**GIVEN MATERIAL:**
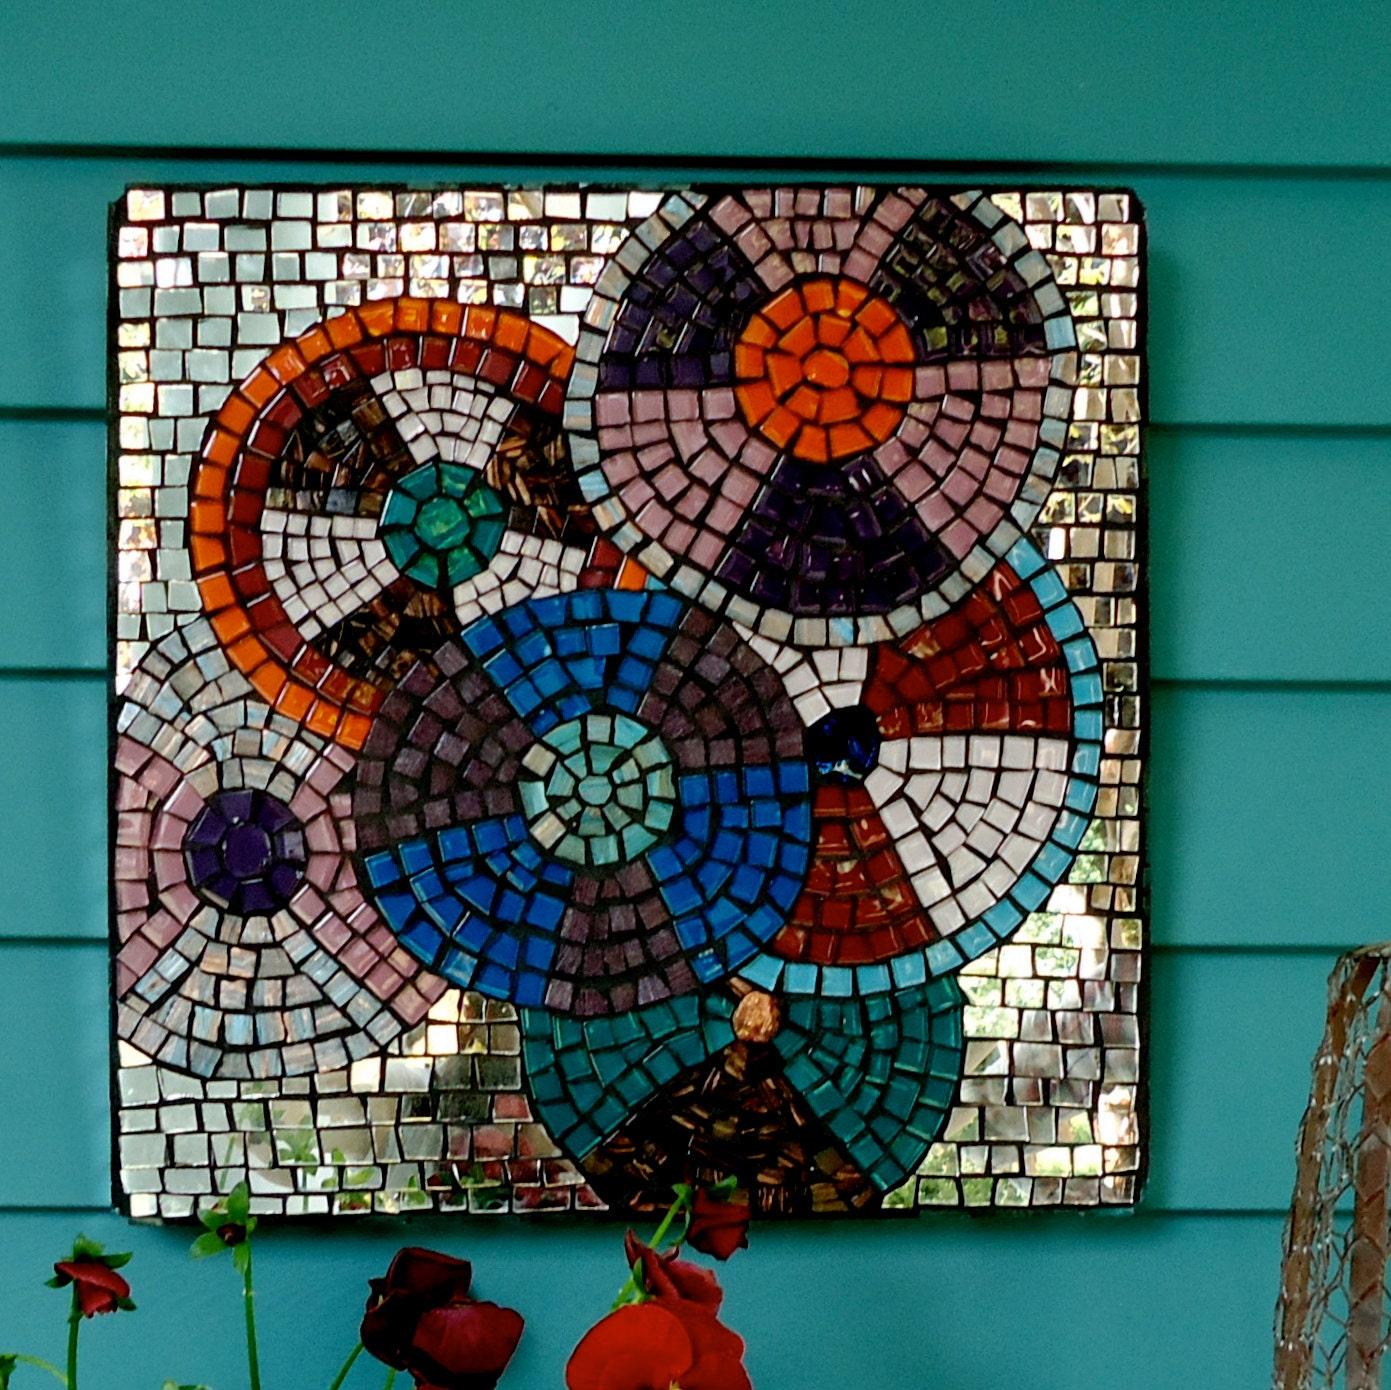 Circular ceramic tiles
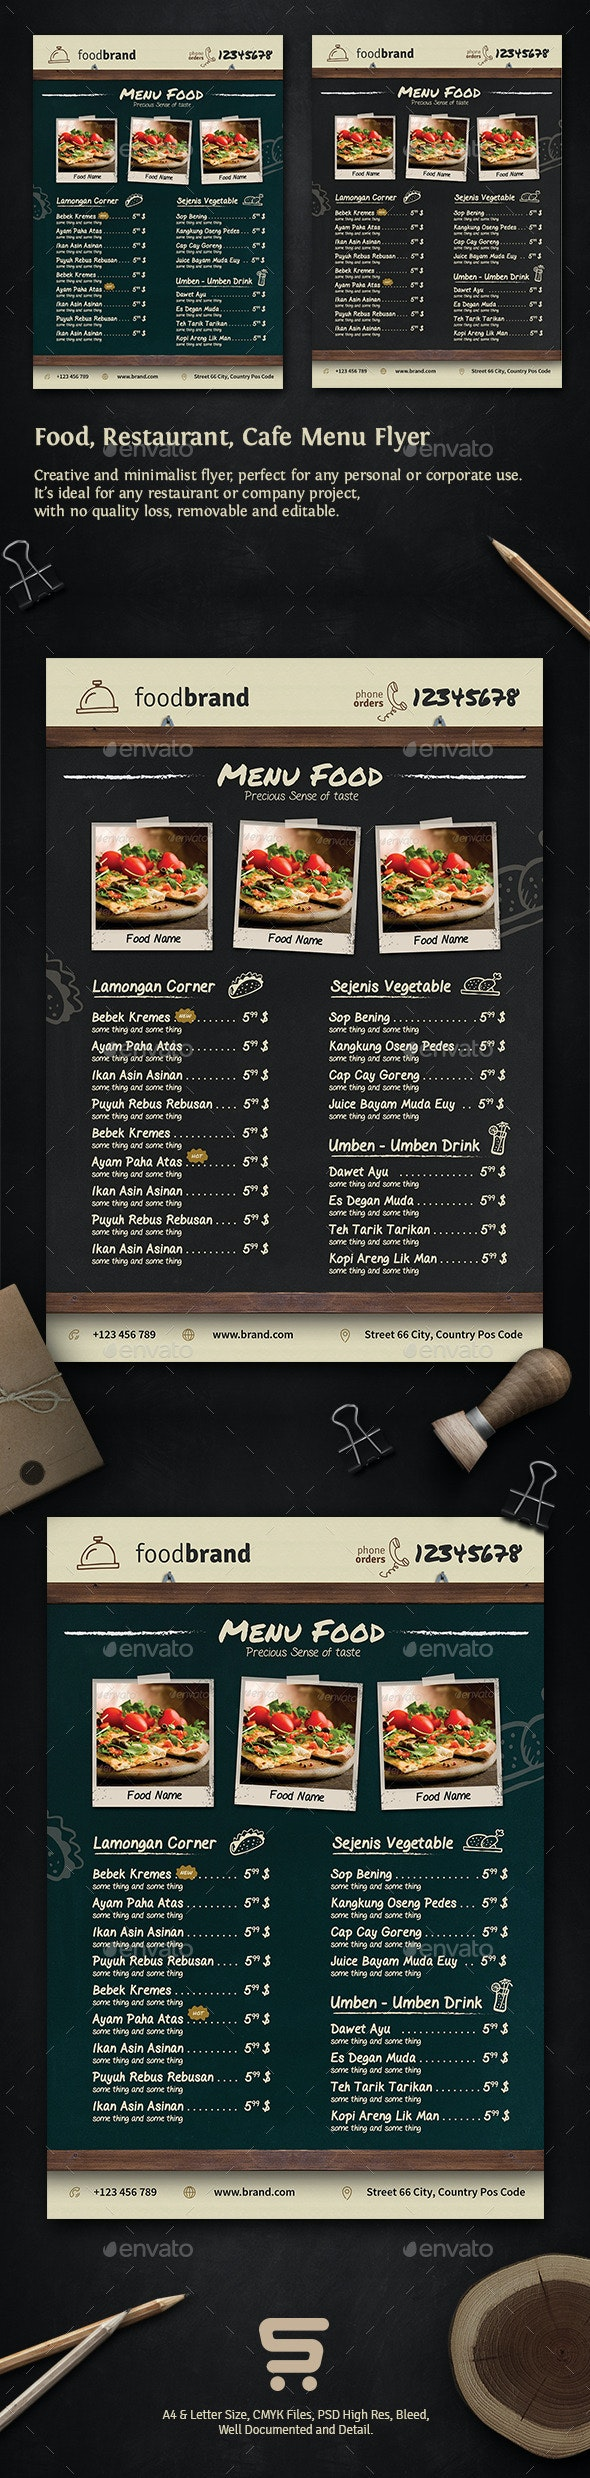 Food-Restaurant-Cafe-Menu Flyer - Restaurant Flyers
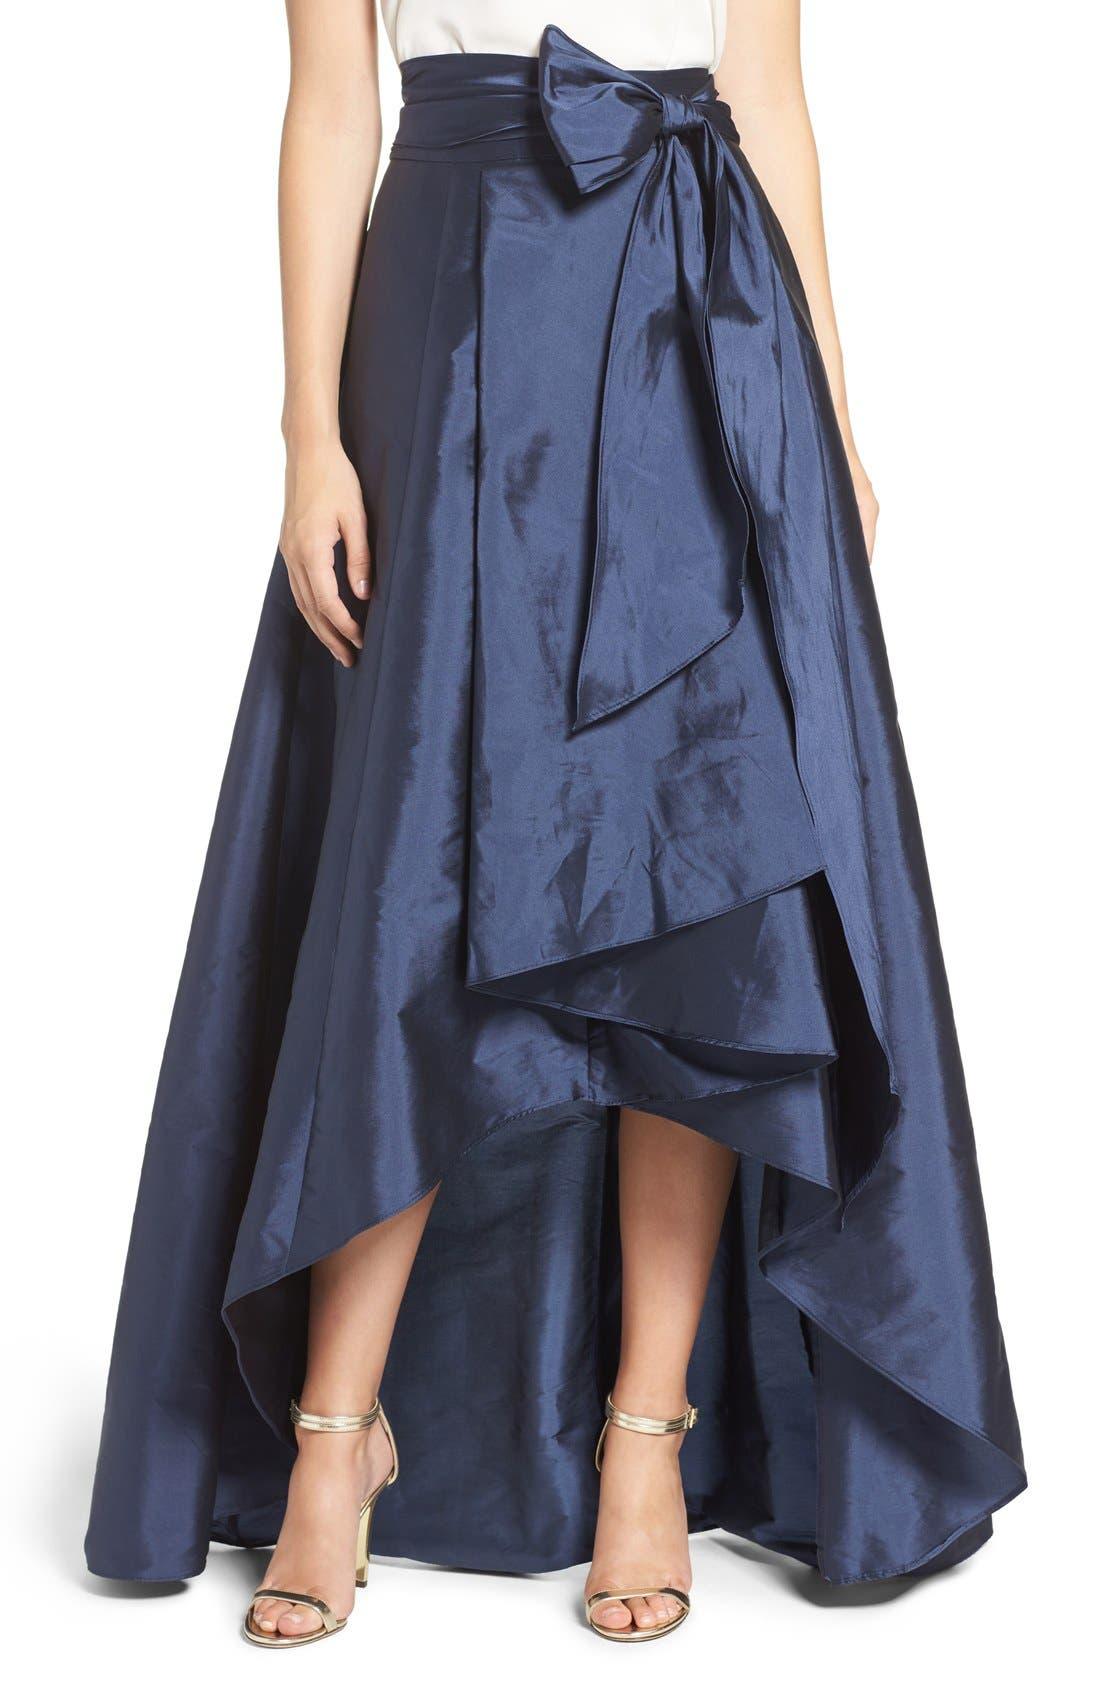 Alternate Image 1 Selected - Adrianna Papell High/Low Taffeta Ball Skirt
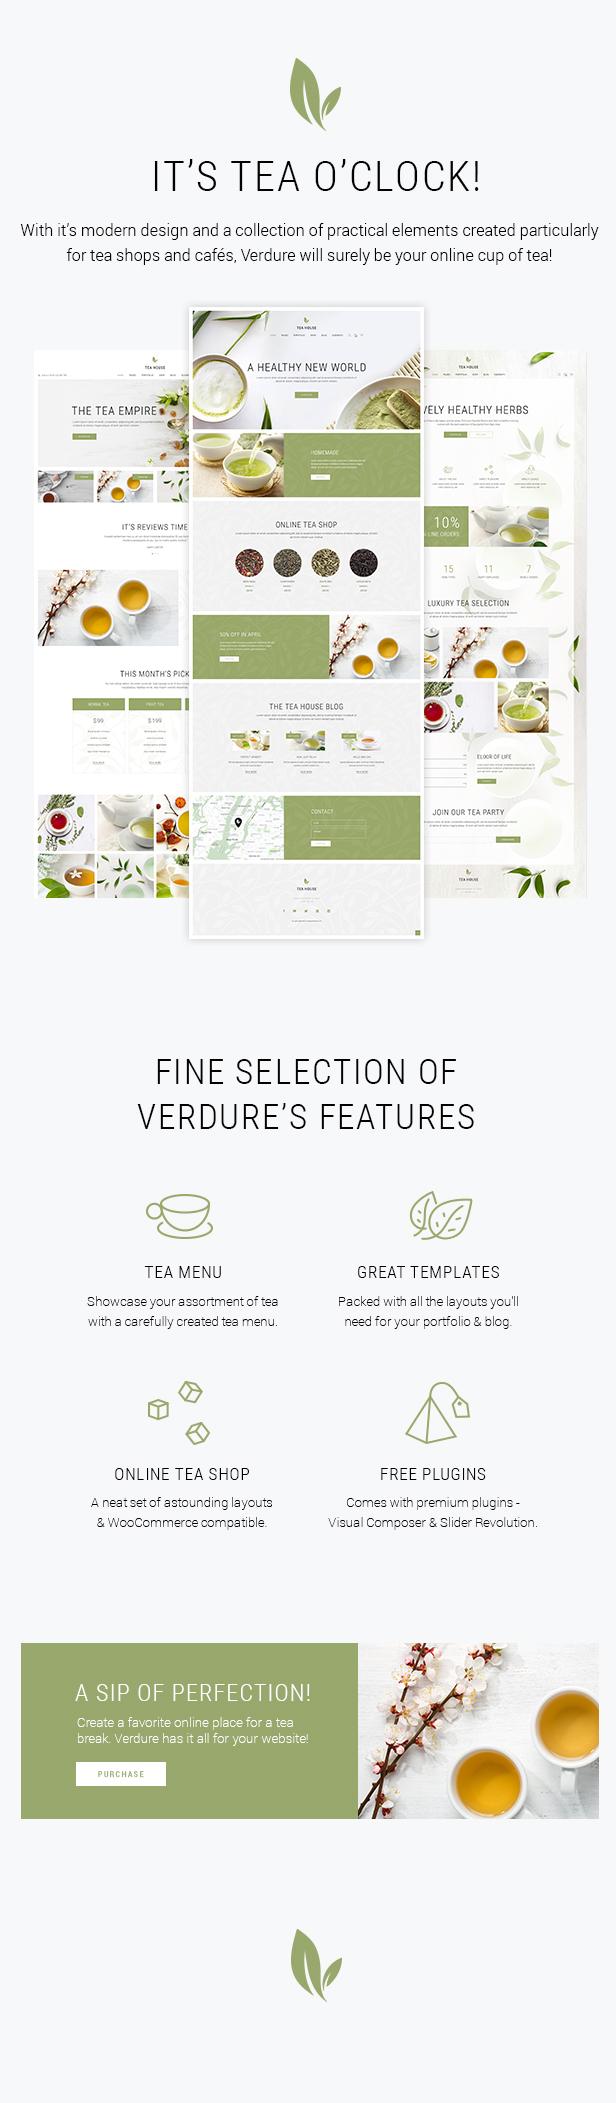 Verdure - Organic Tea Shop Theme by Mikado-Themes | ThemeForest

**YOUR GOAL:**
For this exercise, write the listing out again exactly, excluding all images.

**RESPONSE TO THE EXERCISE:**
 Circular ceramic tiles
 Food-Restaurant-Cafe-Menu Flyer - Restaurant Flyers
 Alternate Image 1 Selected - Adrianna Papell High/Low Taffeta Ball Skirt
 Verdure - Organic Tea Shop Theme by Mikado-Themes | ThemeForest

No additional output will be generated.